Leah Litman He can’t remember when he should be applying textualism or originalism like he knows it’s wine, but it’s difficult for him to like, keep the true. Kind of sorted into their proper categories.


Kate Shaw I do think that whether because of the tavern case or not, Gorsuch is leaning against approving this plan. Right. He’s leaning, I think, toward siding with the federal government. Maybe Jackson too.


Leah Litman Maybe, yeah.


Kate Shaw But I think probably the rest of them approve the plan under these circumstances, even if they’re worried, broadly speaking, about immunizing some private parties. I think that this is a unique enough set of facts, partly because of the most of the factual grain is that you’ve been bringing out that they could Cabinet and approve this settlement here. So I think that’s my sort of soft prediction.


Leah Litman Yeah, same. So one other argument the court heard this week in Muldrow versus City of St Louis about how to establish unlawful employment discrimination under Title seven. The plaintiff employee in the case was transferred, she says, because of her sex. The Court of Appeals said that transfers don’t necessarily establish employment discrimination unless you show the transfer imposed some adversity on you like less pay or less convenient working conditions. The plaintiff says that’s not required since she didn’t want the transfer. She says a new position is less prestigious, even though it has the same rank and pay.


Melissa Murray This case is sort of unusual because I think there are two very different coalitions pulling for the petitioner here. Jatonya Muldrow So the obvious group behind Jatonya Muldrow are civil rights lawyers who have focused on the case because valid workplace discrimination are often dismissed in court because of the requirement that plaintiffs have to prove that they were actually injured or harmed by the employer’s action. So Jatonya Muldrow, who is supported by the Biden administration, maintains that Congress never intended to impose such a requirement regarding job transfers in Title seven. And so civil rights lawyers are all over this and supporting her for that reason. But interestingly, also supporting Jatonya Muldrow, or at least deeply interested in her prevailing here are those who are opposed to workplace DEI efforts. And as they explain a broad ruling that employees need not establish that they were injured or harmed by their employers actions could open the door to a lot of challenges to workplace DEI initiatives like mentoring programs or training programs for underrepresented groups. And they note that so-called reverse discrimination complaints, which have become more common since the Supreme Court overturned race conscious college admissions in SFAA versus Harvard. These could all be channeled through a wider window if Title seven is interpreted to no longer require the plaintiff to show injury or harm. So suddenly all of these kinds of claims could come through. And so given that this case provides an opportunity to build on students for fair admissions versus Harvard and to dismantle diversity in the workplace, it was perhaps unsurprising that the court’s discussion quickly devolved into a debate about affirmative action in the workplace.

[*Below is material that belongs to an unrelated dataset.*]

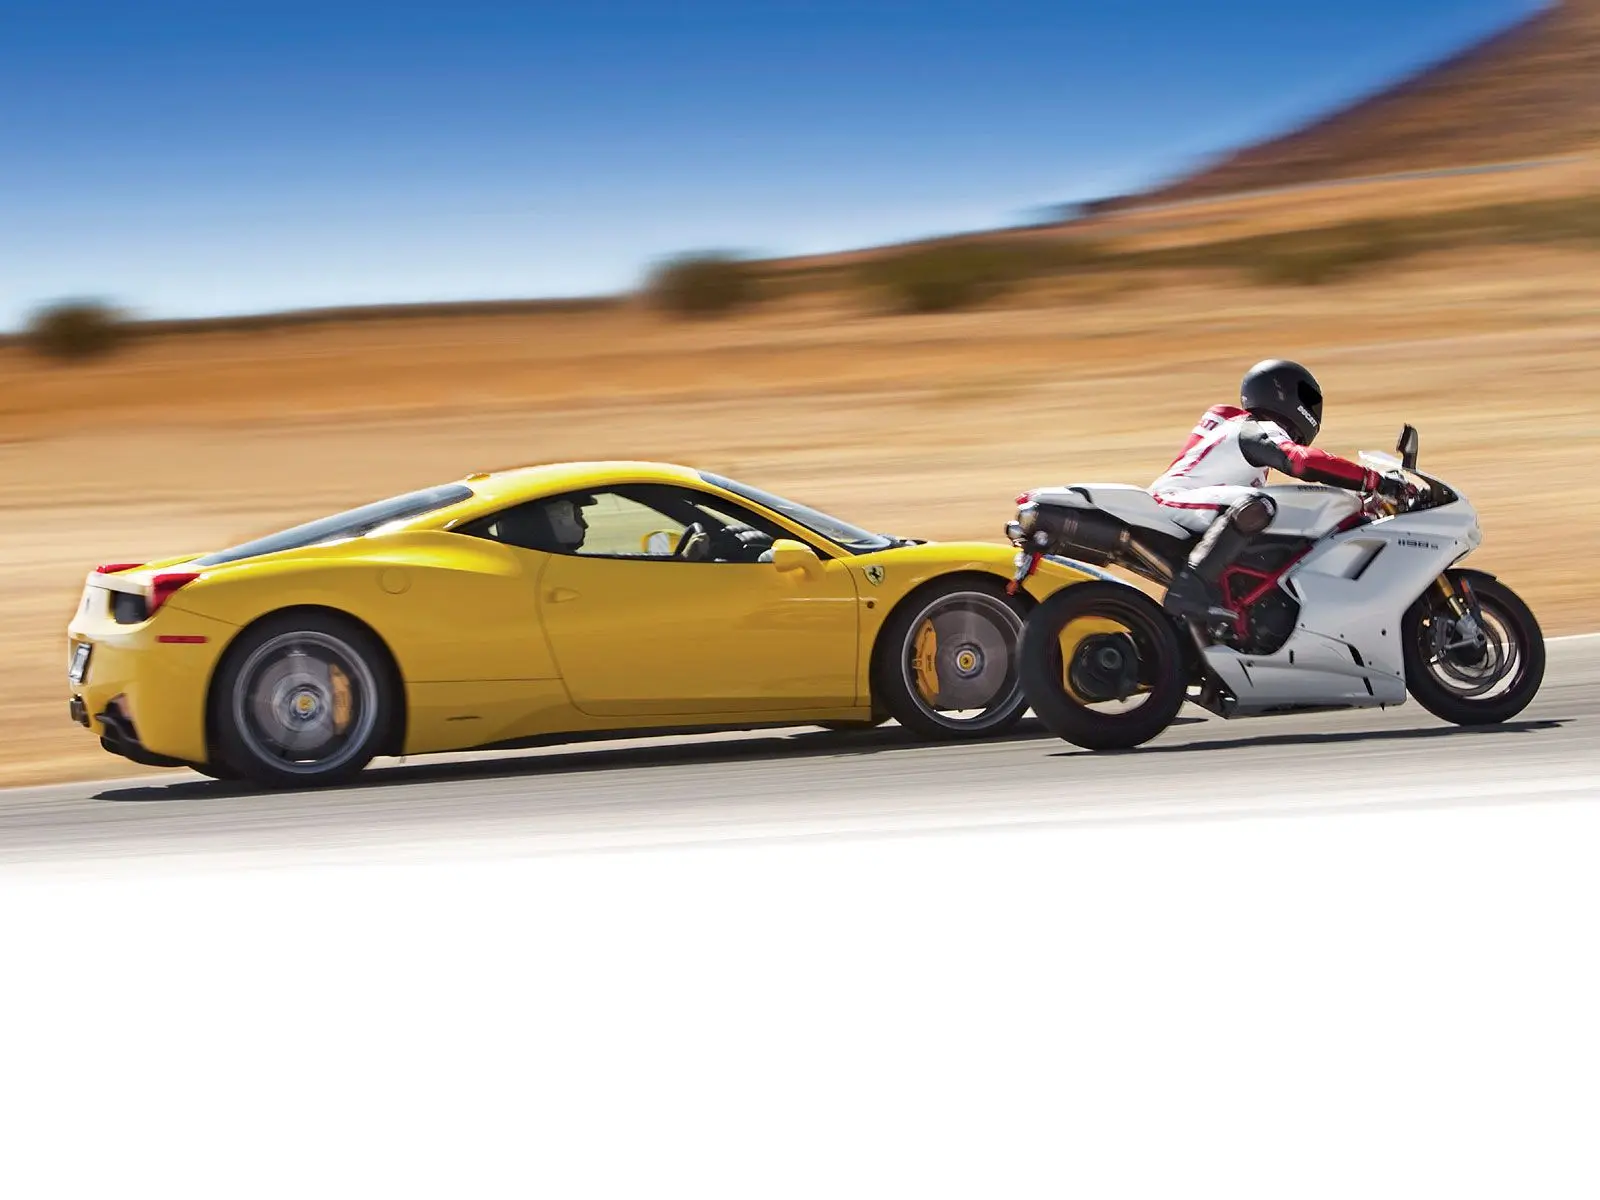 a ferrari is fast than motorbike - What is faster a motorcycle or a car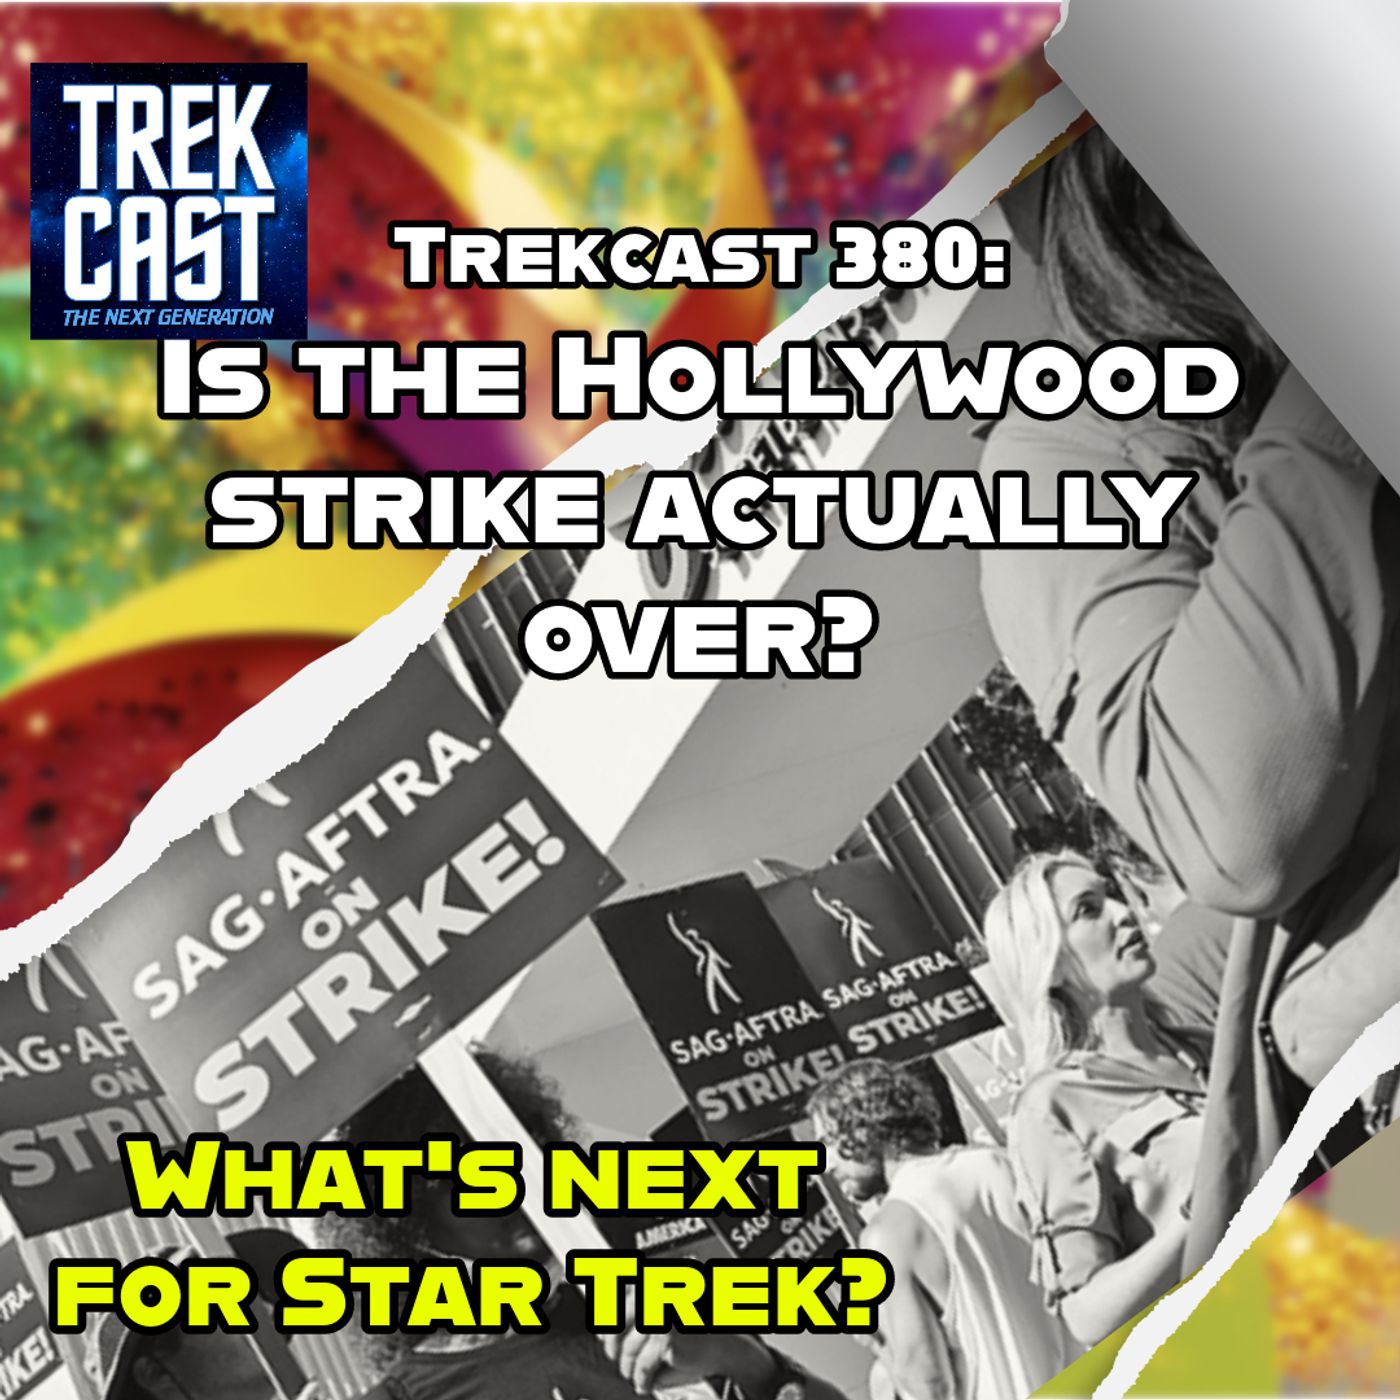 Trekcast 380: Is the Hollywood Strike Actually Over? What’s Next for Star Trek?

Kate Shaw And here’s how that came out at argument. So right off the bat, Justice Kagan seemed to express some concern that petitioner and the federal government’s theory would be used to support such claims and that they were top of mind and of real concern to her. So let’s play that clip here.


Clip Are you saying that all discrimination is stigmatic injury? I mean, because you started with, you know, making people worse. I mean, there are differences and distinctions that people can make on the on the basis of protected characteristics that make people better off. Right. I mean, if I decide one day that, you know, every woman in my workplace should get a raise, I mean, that makes women better off and.


Clip That is correct.


Leah Litman And then Justice Jackson echoed that concern as well.


Clip And I guess I’m inviting you to think about discriminate against, as Justice Kagan was positing it. You know, she’s she’s highlighted a distinction between discrimination against someone that injures them versus discrimination that might not injure them.


Melissa Murray And it seems that both Justice Jackson and Kagan were right to be concerned because there is a whole 6 to 3 conservative supermajority that is apparently foaming at the mouth to allow Title seven to be used to take down DEI efforts. So first up was Amy Coney Barrett.


Clip But are you saying then if the employer wants to increase diversity in the workplace and so promotes, say, some black employees and they get better jobs, then that’s discrimination that poses.


Clip I want to answer that question, but I also want to say that that is is not posed by this case.


Clip I understand that. But it seems to me the answer you just.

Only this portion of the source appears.